> _Task description_
The required output is the exact run of lines in the listing below from the line holding "Amazingly colorful French" through the line holding "Mantel has a lot of repairs and restorations", with no pictures.

> _Exercise material_
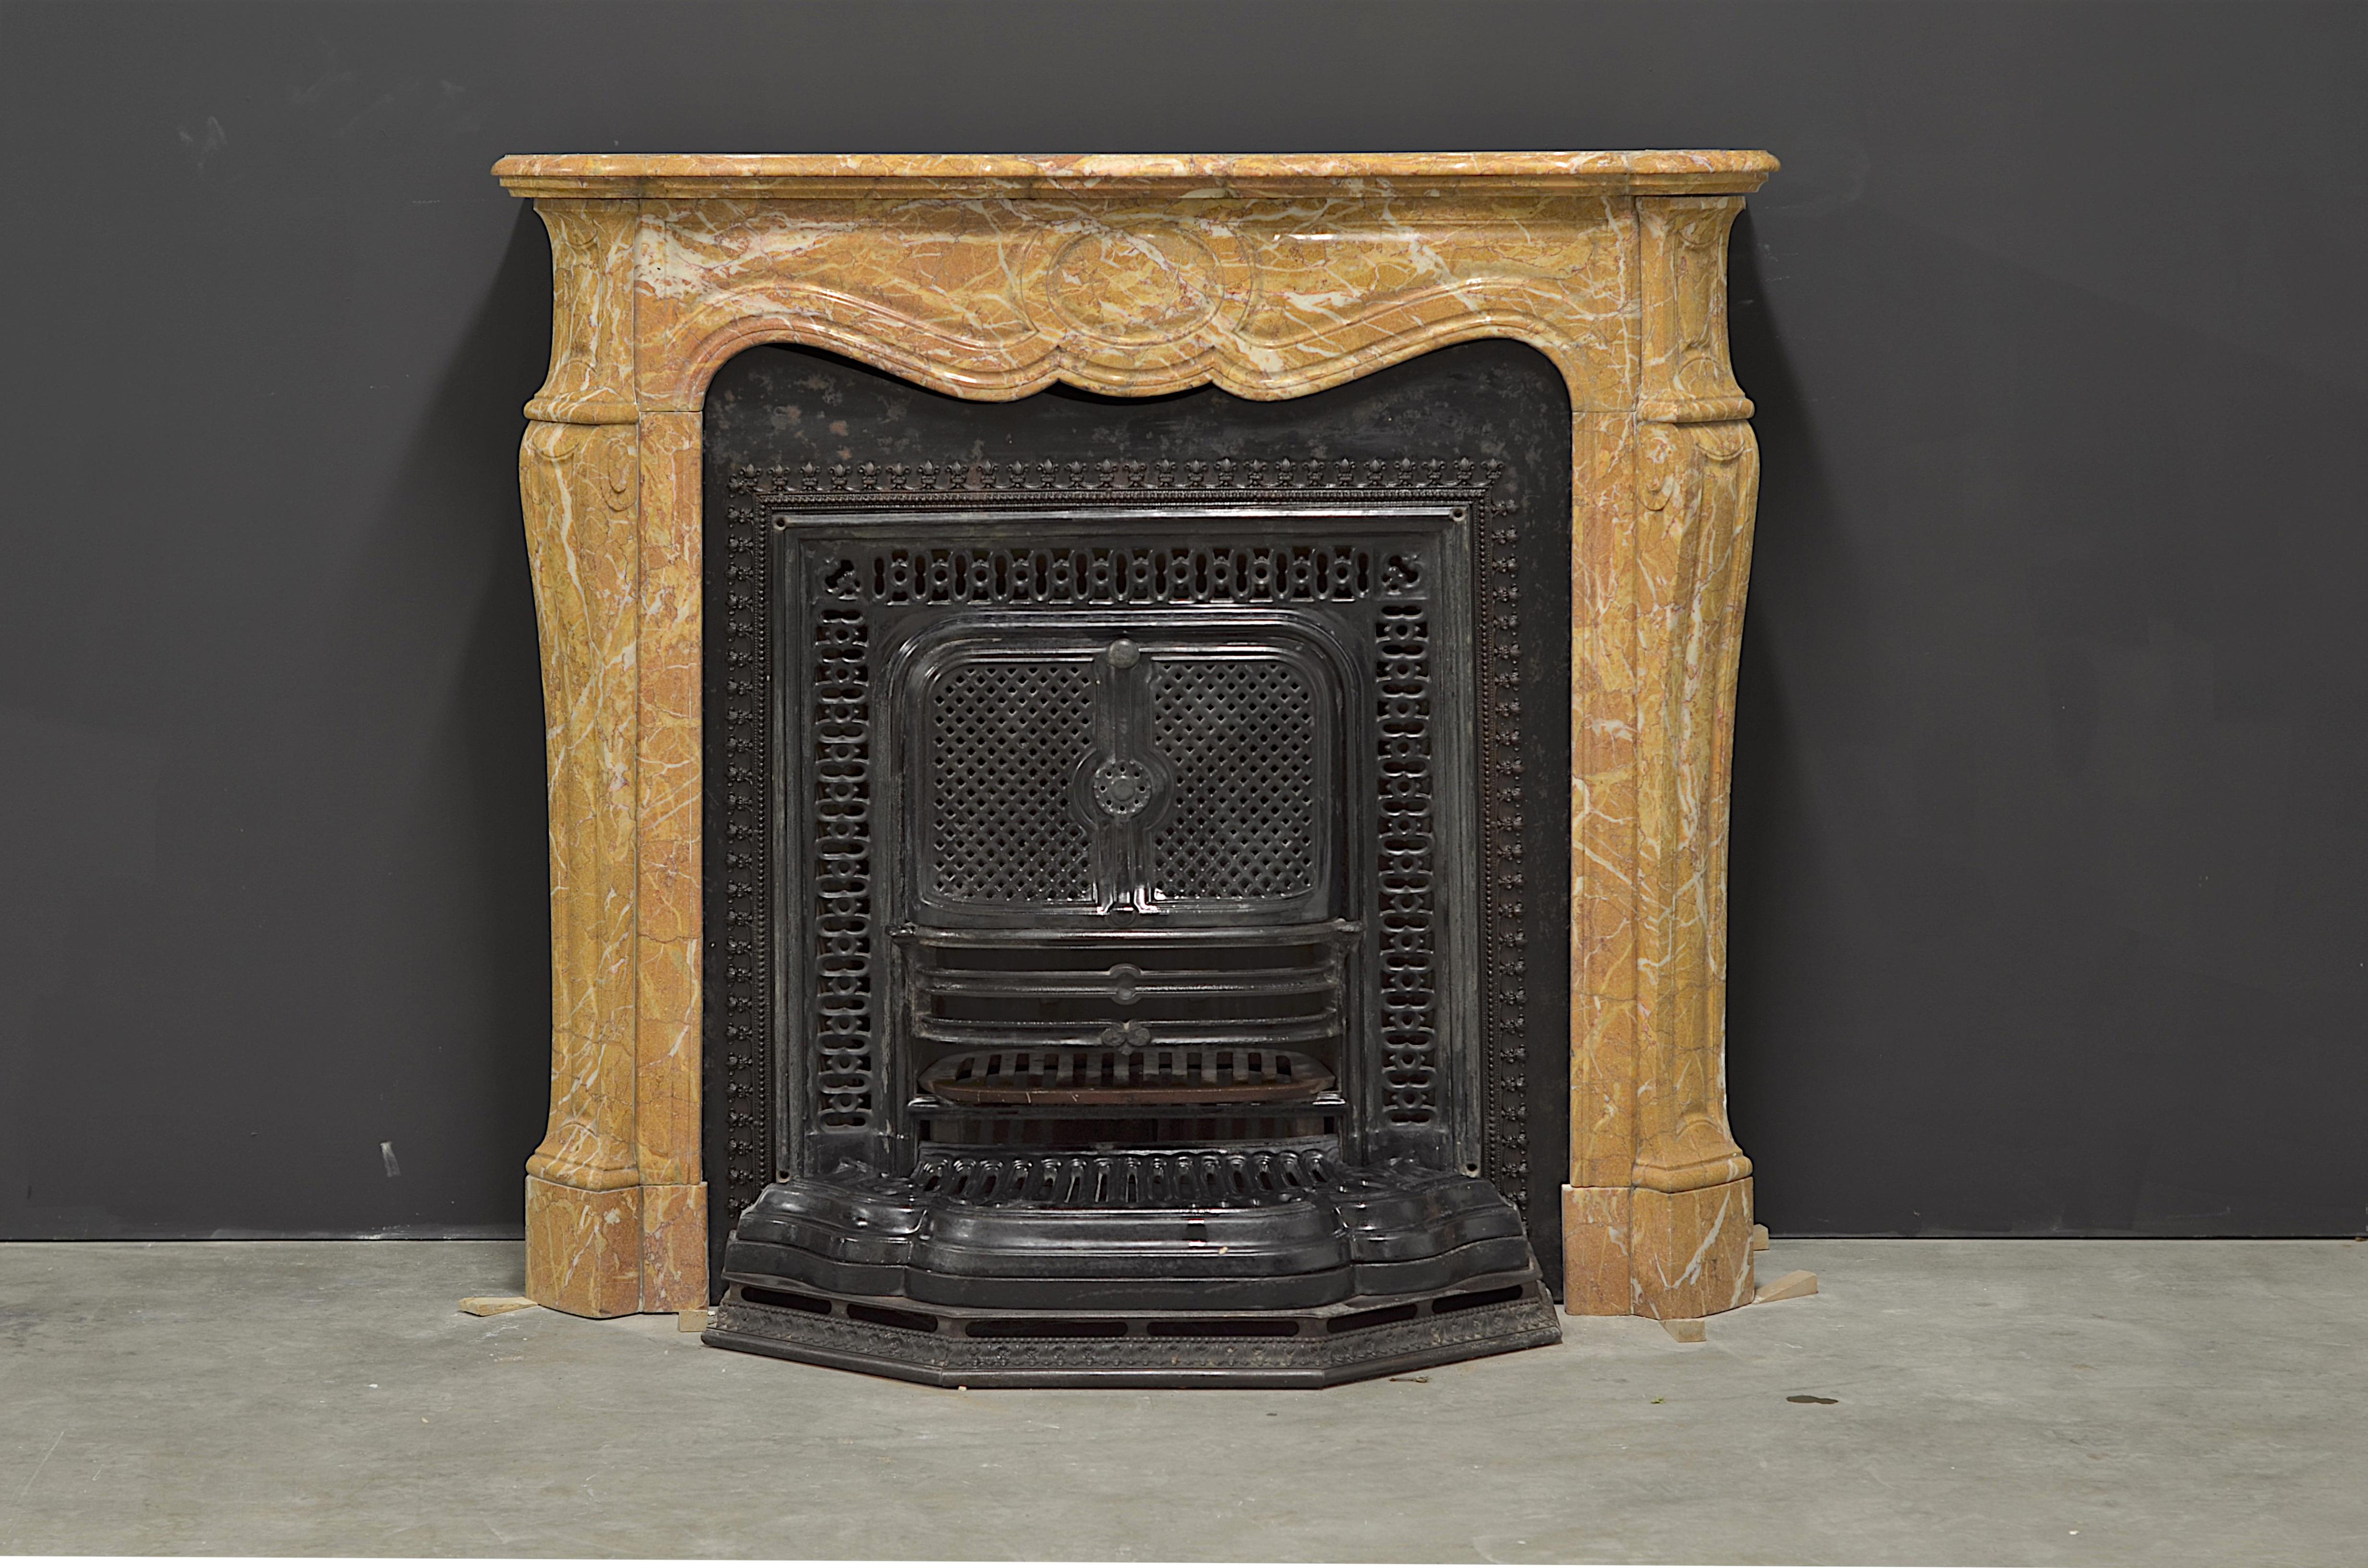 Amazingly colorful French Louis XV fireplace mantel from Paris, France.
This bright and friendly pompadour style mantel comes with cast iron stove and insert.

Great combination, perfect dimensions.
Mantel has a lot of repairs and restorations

--

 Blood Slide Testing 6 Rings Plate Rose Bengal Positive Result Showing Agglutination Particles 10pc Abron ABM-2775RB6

> _Your solution_
 Amazingly colorful French Louis XV fireplace mantel from Paris, France.
This bright and friendly pompadour style mantel comes with cast iron stove and insert.

Great combination, perfect dimensions.
Mantel has a lot of repairs and restorations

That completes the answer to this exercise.